* **Data shown**
=== Section Start ===
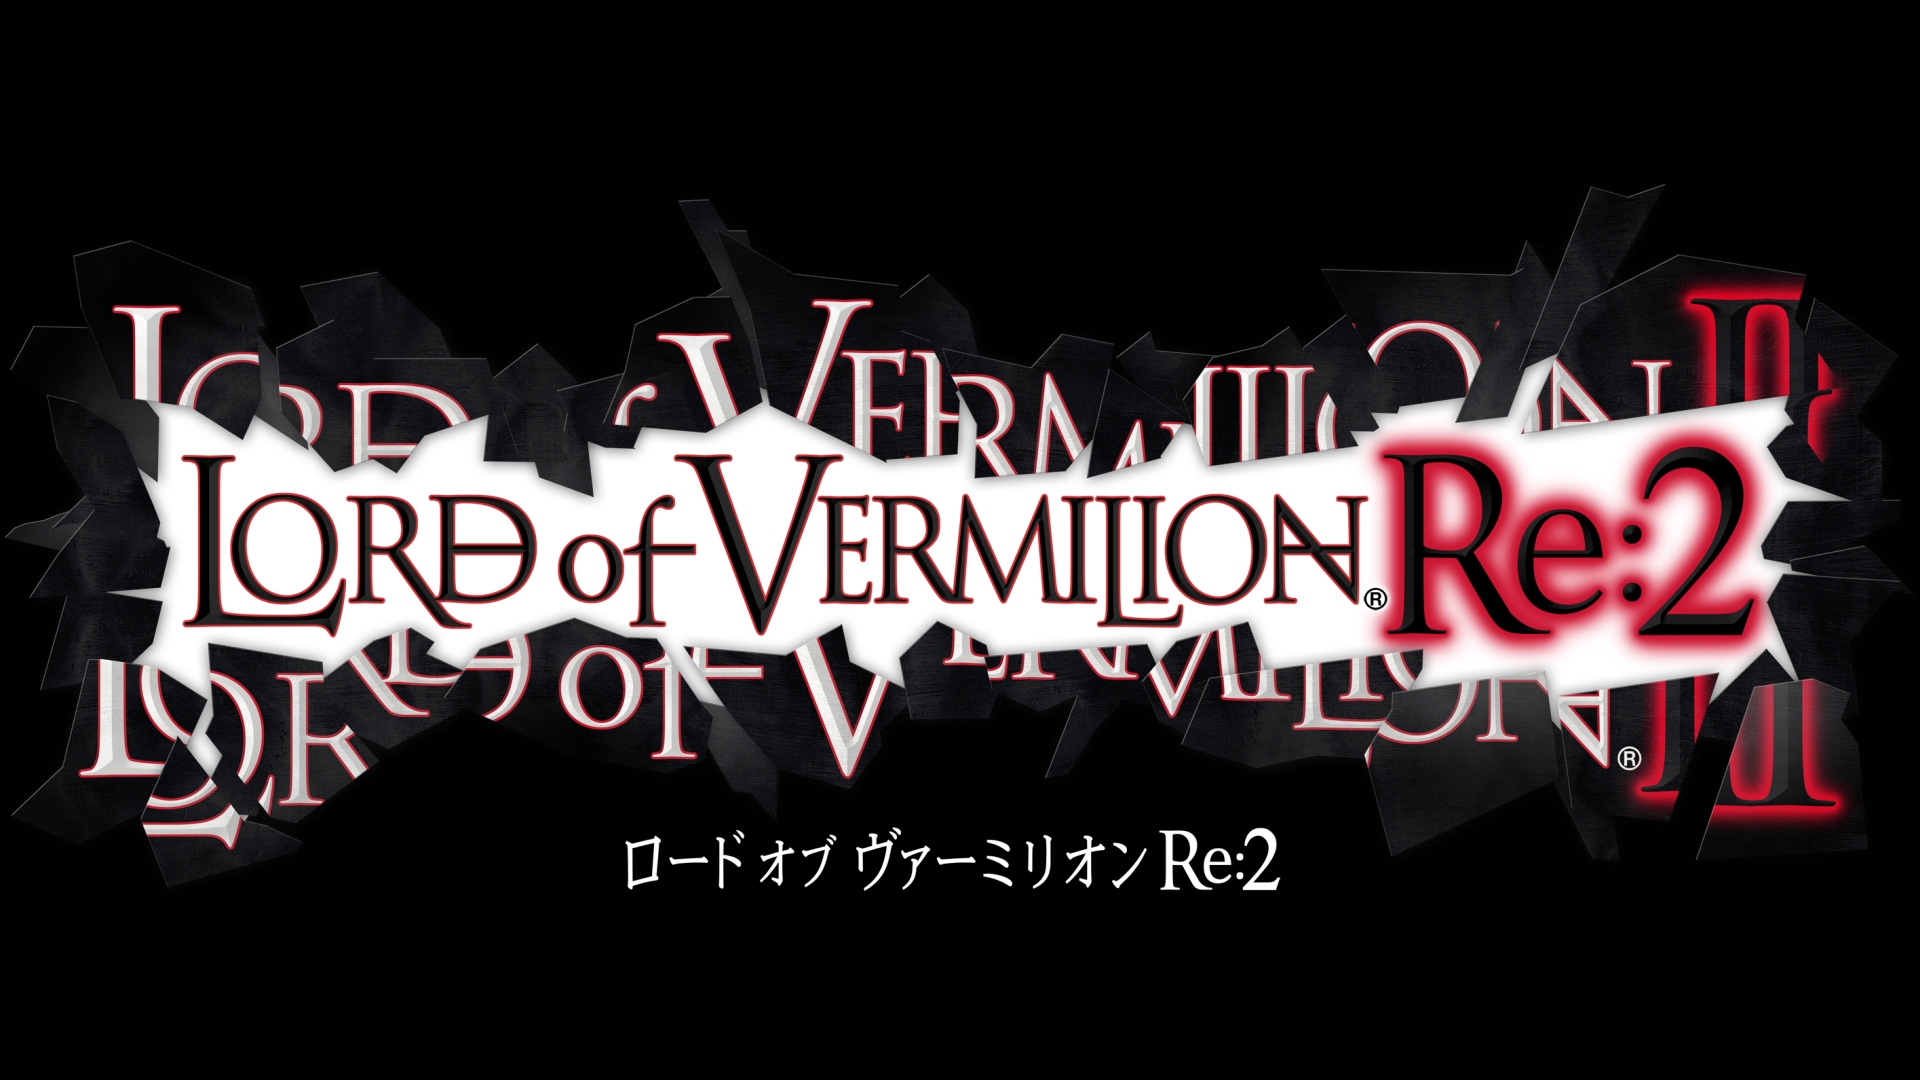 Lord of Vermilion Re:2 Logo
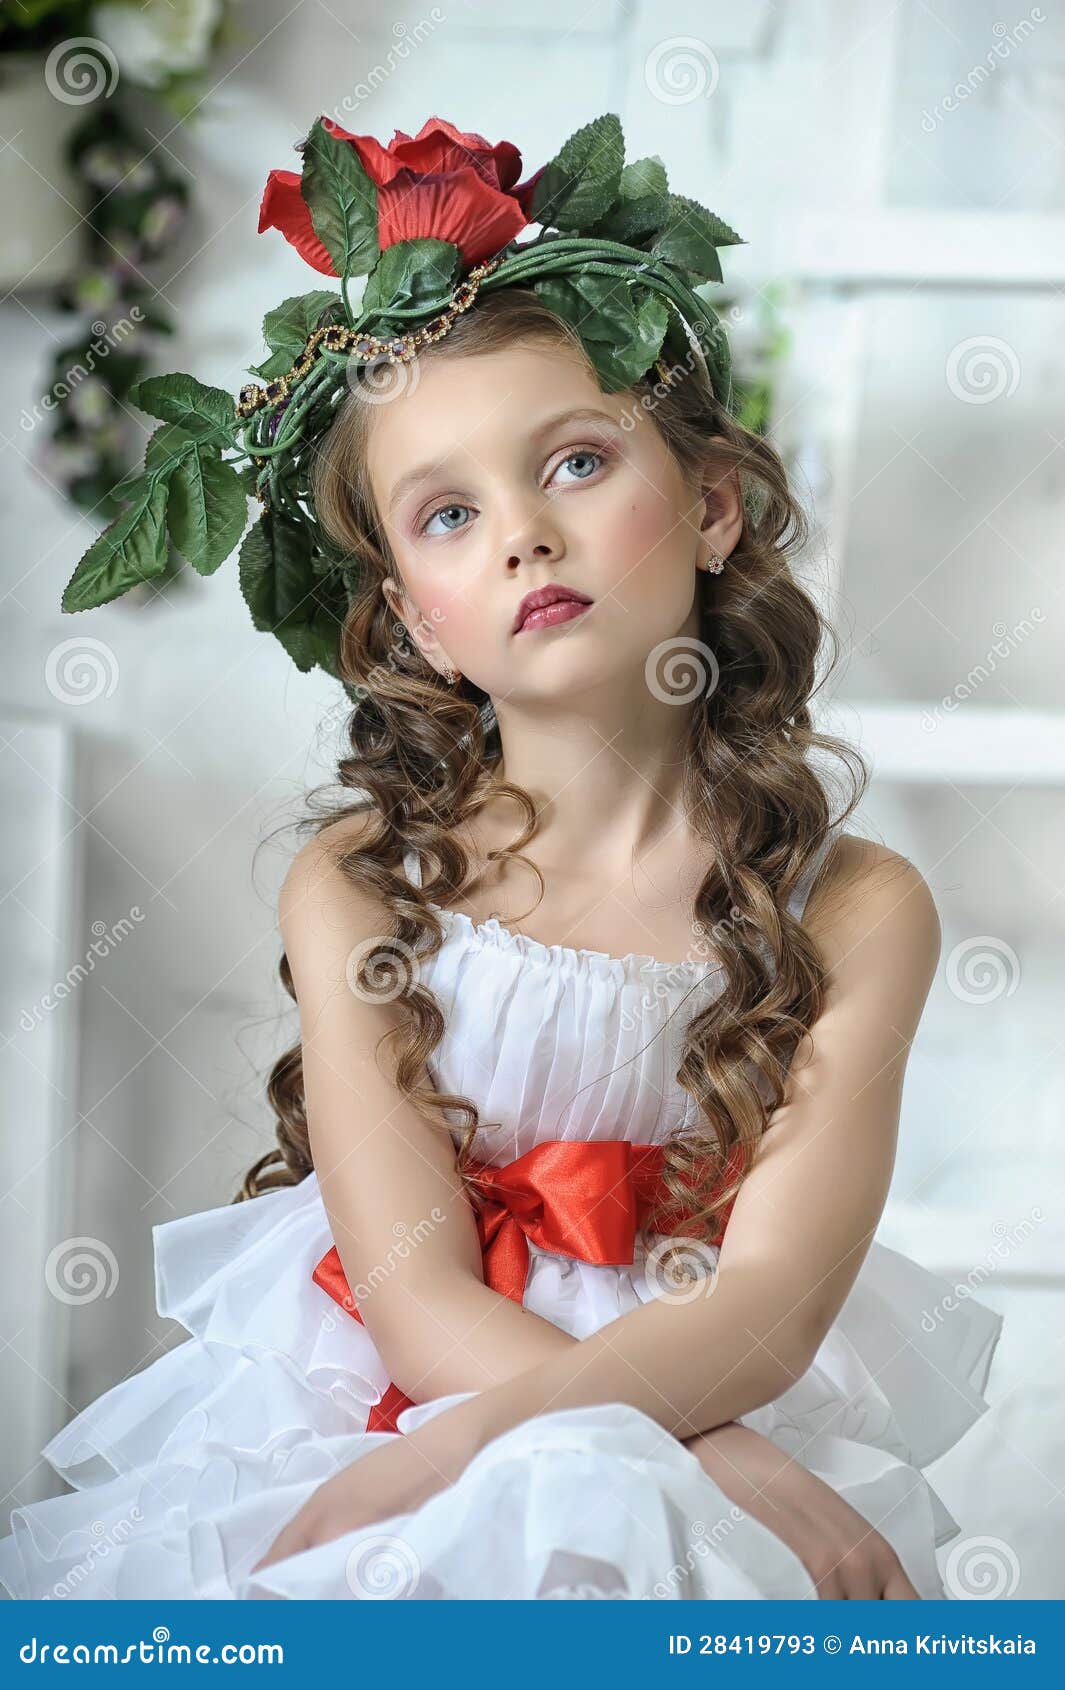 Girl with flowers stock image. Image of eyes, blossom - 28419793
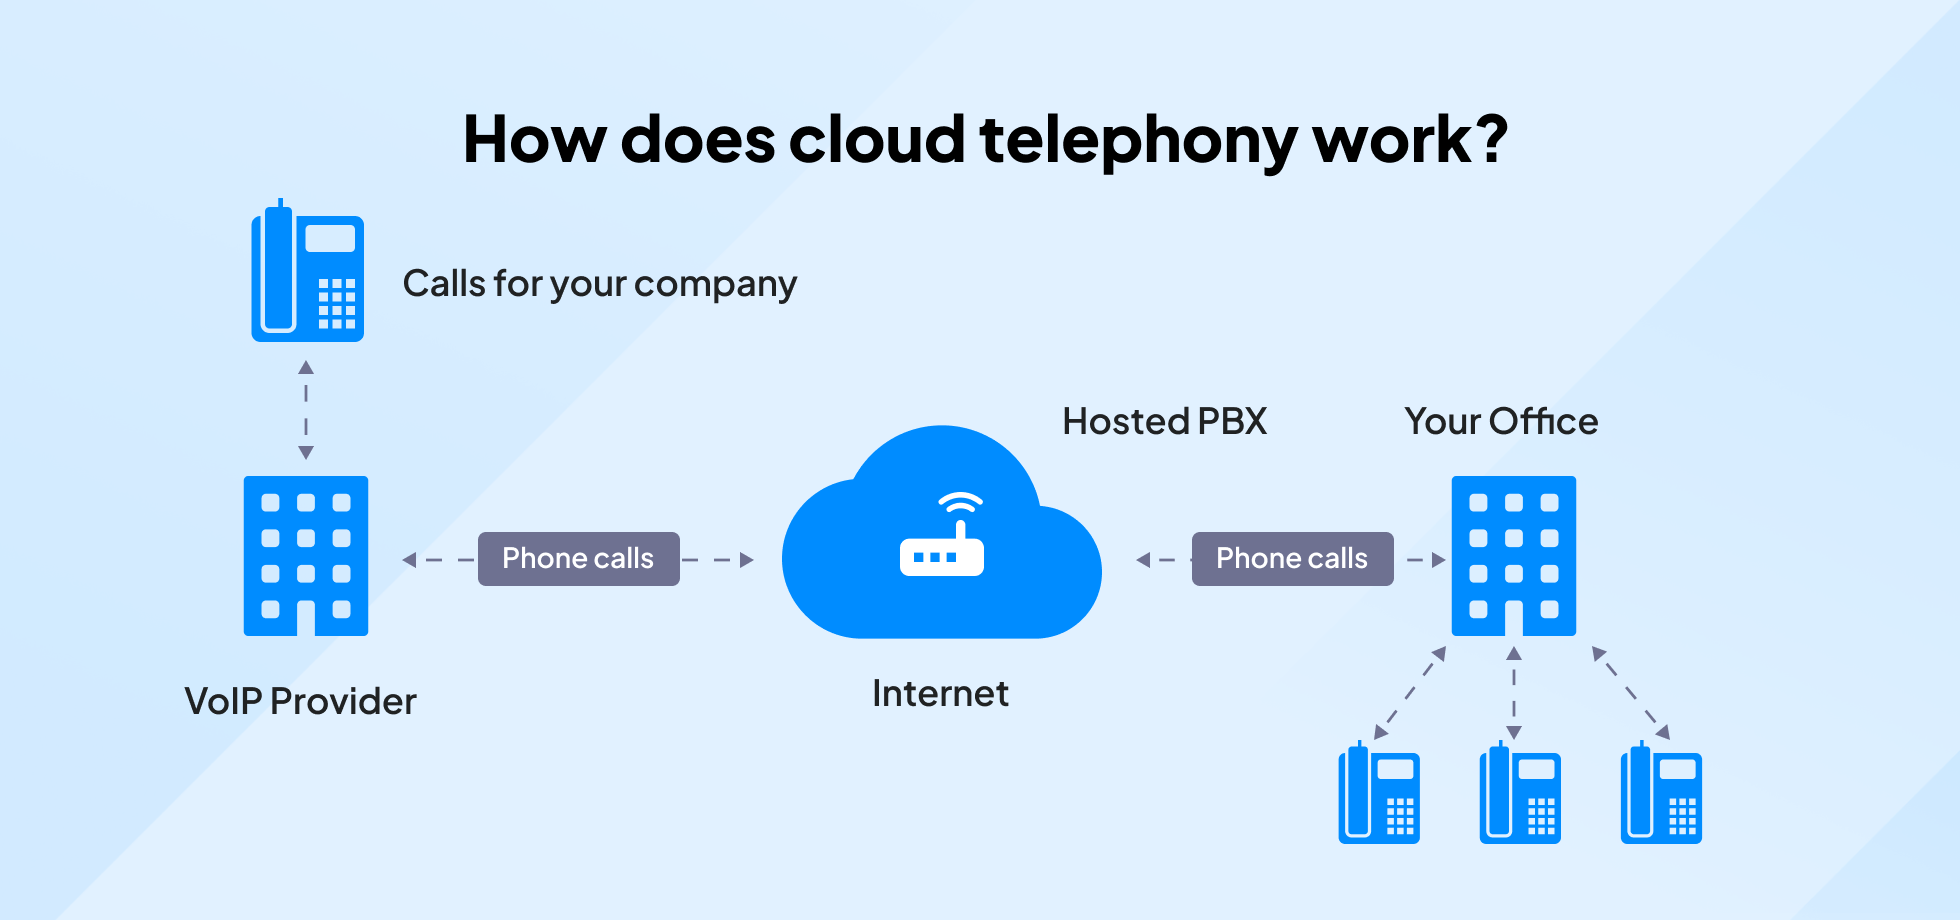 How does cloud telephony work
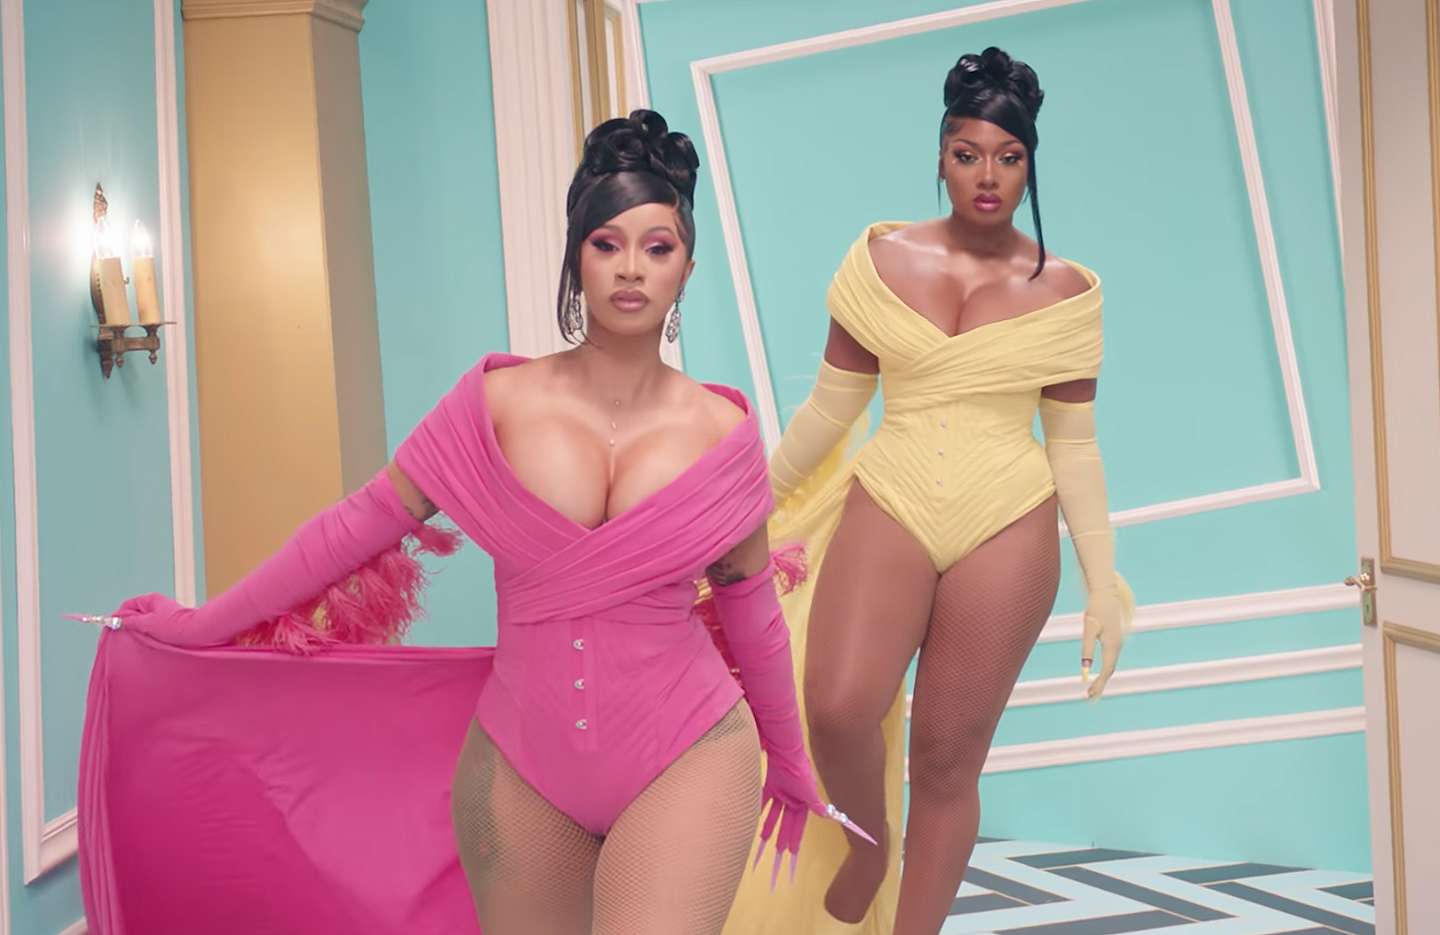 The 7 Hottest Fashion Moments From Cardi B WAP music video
=== Section End ===
* **Problem requirements**
Before copying the material, set its pictures aside; then transcribe it word for word.

* **Response to the exercise**
 Lord of Vermilion Re:2 Logo
 Girl with flowers stock image. Image of eyes, blossom - 28419793
 How does cloud telephony work
 The 7 Hottest Fashion Moments From Cardi B WAP music video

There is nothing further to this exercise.